Post by Delta Tank » 21 Jan 2022 15:45

clifford13 wrote:
17 Jun 2016 02:53
There is this minor problem with that theory. With a pair of battleships , Ozawa's "Decoy" force was anything but helpless against tg 30.8, the fleet tankers assigned to 3 rd. fleet, operating some 500 miles East by North of manila bay...which put them in a supposed safe place away from the Luzon Airfields, but right smack dab on a line of approach from the north. Formosa or Japan. Without the tankers, which refueled Tf 38 on the 19,23 and 26 of October, they'd have been forced back to Ulithi...and that would have been his objective in one go.

Personally, task groups .3 and .4 should have been set up as 5 fleet with all 9 Independence class CVL's 4 Bb's and escorts and left north of the beaches, [there's san bernardino covered, Tf 34 fans] as groups .1 and .2 did just what Halsey did...go after the carriers and protect the tankers.

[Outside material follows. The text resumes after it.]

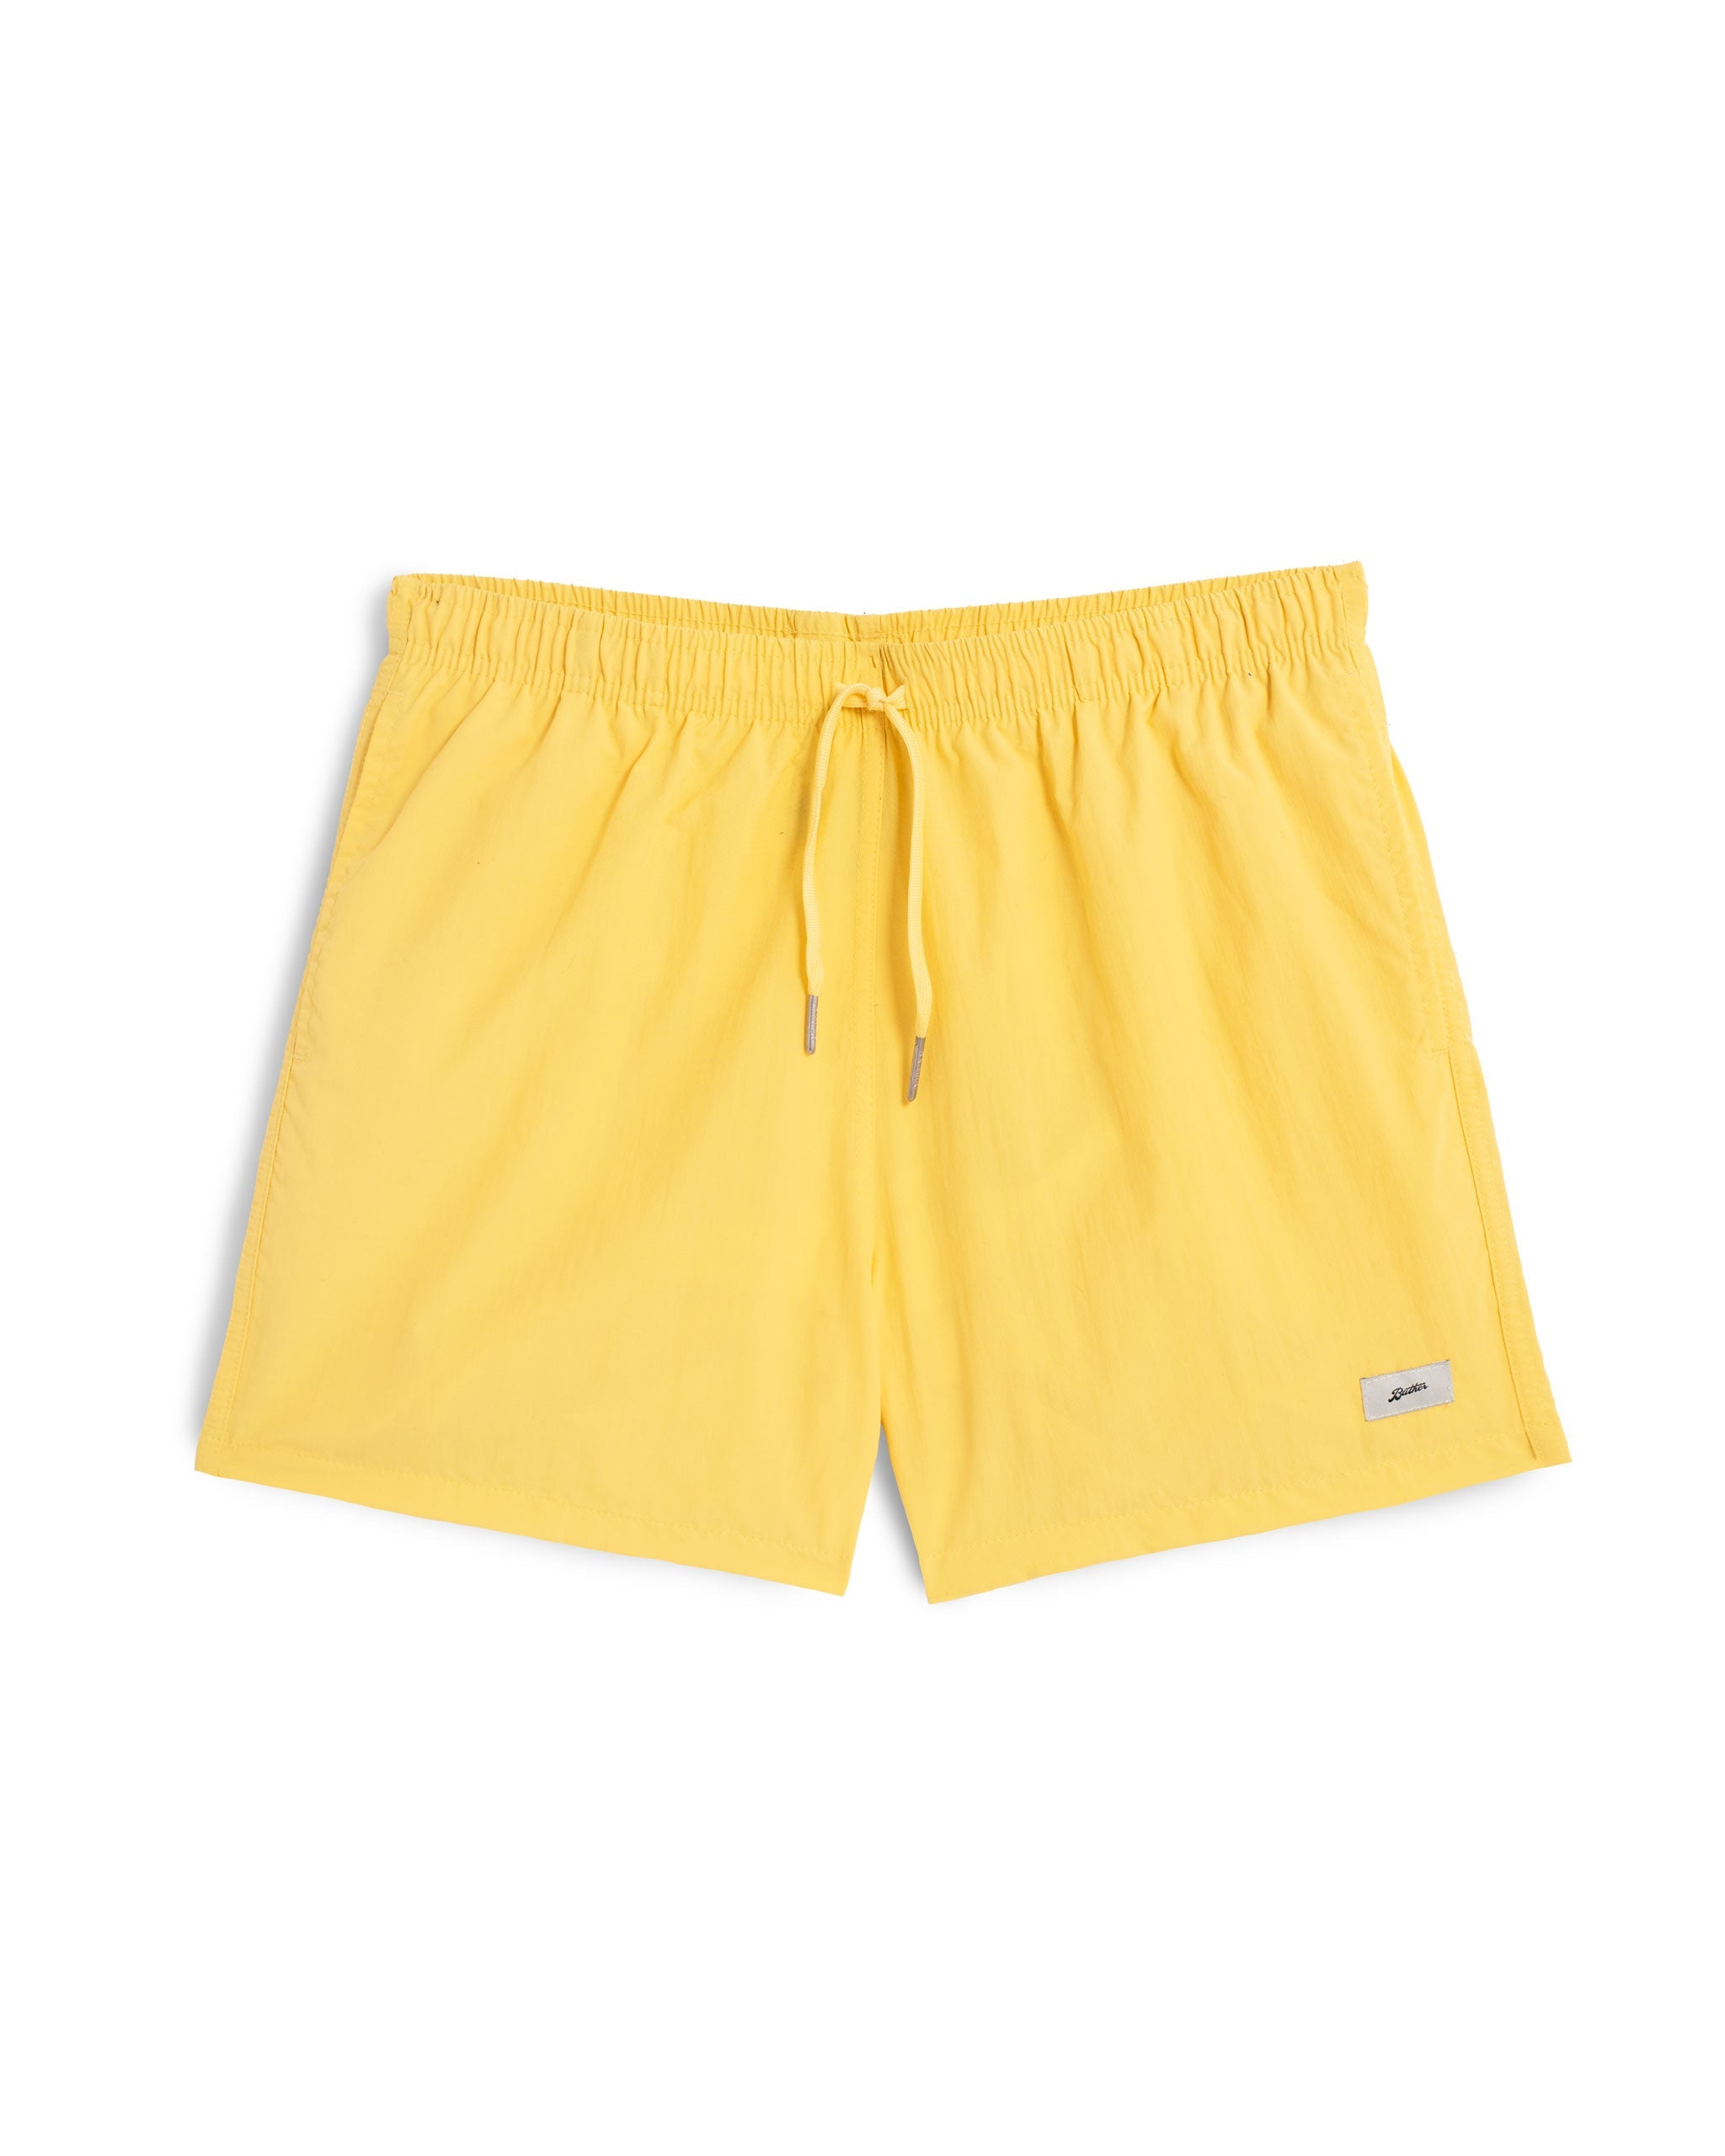 A solid yellow swim trunk in canary yellow with a matching drawstring

While re-reading the book entitled, “The Fast Carriers, The Forging of an Air Navy” by Clark G. Reynolds. Reynolds states on page 251-252 the composition of Sea Logistics Service Group at Leyte Gulf: “34 Fleet oilers escorted by 11 escort carriers, 19 destroyers, and 26 destroyer escorts.. . .the “jeep carriers” would provide combat air patrols and would ferry replacement aircraft. Admiral Halsey set each fueling rendezvous at the extreme range of Japanese land based planes, which never succeeded in disrupting any refueling operations.”